The first words used in the report are, “We are at a climate tipping point.” That is followed up with phrases such as “It is the greatest crisis ever faced by our species.” This language is alarmist by definition. Americans were warned that they are at a tipping points. It has been compared to “The Boy Who Cried Wolf.”
A 2006 article on a website that promotes climate change stated that the 10-year time frame for action is very narrow. Five years ago that window had closed, but we’re still not in the position to prevent the climate catastrophe we predicted. It is nonsensical to claim that calling out truly alarmist and hyperbolic language as such deserves to be demonetized and deplatformed — especially when using hyperbolic language to do it.
The report then goes on to compare so-called climate “disinformation” to “ vaccine and COVID-19 disinformation,” saying that both “obfuscate the truth by overwhelming us with claims and questions designed in bad faith to confuse the debate so action is delayed. ”The authors chose this comparison because of the organization’s previous success with its “Disinformation Dozen” report. COVID-19, however, is not a good comparison to the points the authors attempted.
The virus data proved “experts” wrong time and time again. Some stories initially labeled “conspiracy theories” have borne out to in fact be supportable if not undeniably true, such as the Wuhan lab leak. Comparisons to the climate policy debate favor skeptics rather than the so-called “experts.”

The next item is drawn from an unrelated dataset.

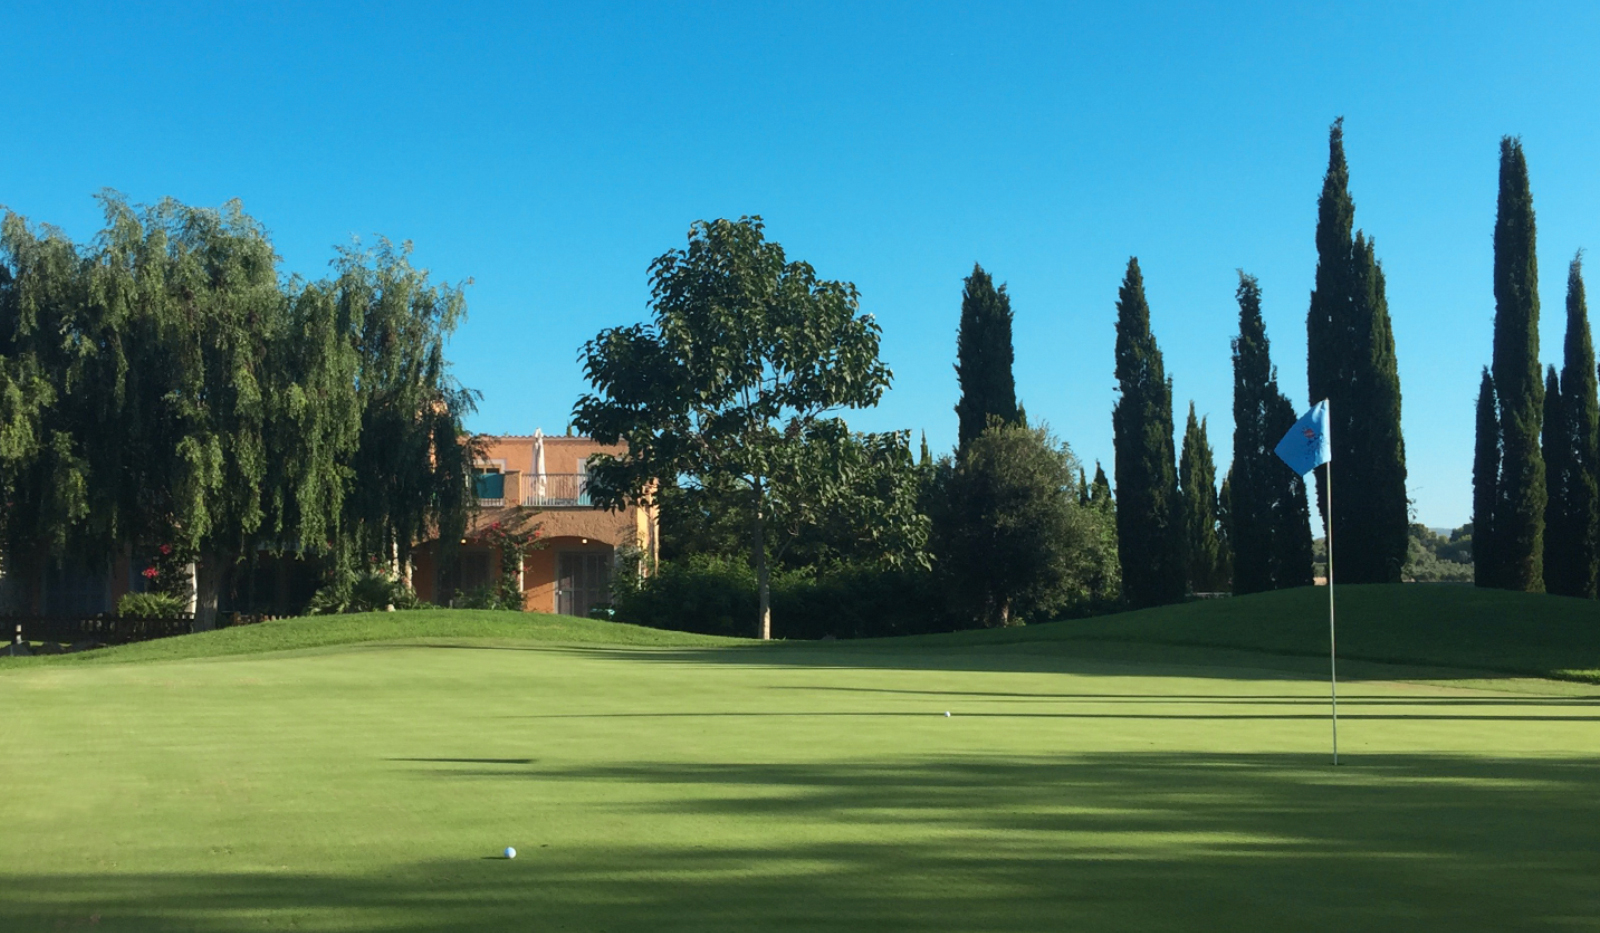 Pula Golf GolfnStyle Mallorca Golf Spielen - GOLF'n'STYLE - Silas - Pula Golf - Mallorca

The CCDH report also noted, “[t]he most potent tool of these self-serving parties is social media, a public forum where the most extreme, conspiratorial, and damaging content is rewarded with amplification.” The problem with this statement is that so many of the studies that purportedly prove that social media amplifies “extreme, conspiratorial, and damaging content” are easily debunked, and may have even used faulty data.
CCDH stated in its report that the websites highlighted “are the main producers of content that sows climate change skepticism” pretending there is “more extensive debate than there really is.” This statement relies on the old “97 percent consensus” myth that has been debunked. To prove its point, the fact that the report had to dig up an untrued statement discredits itself.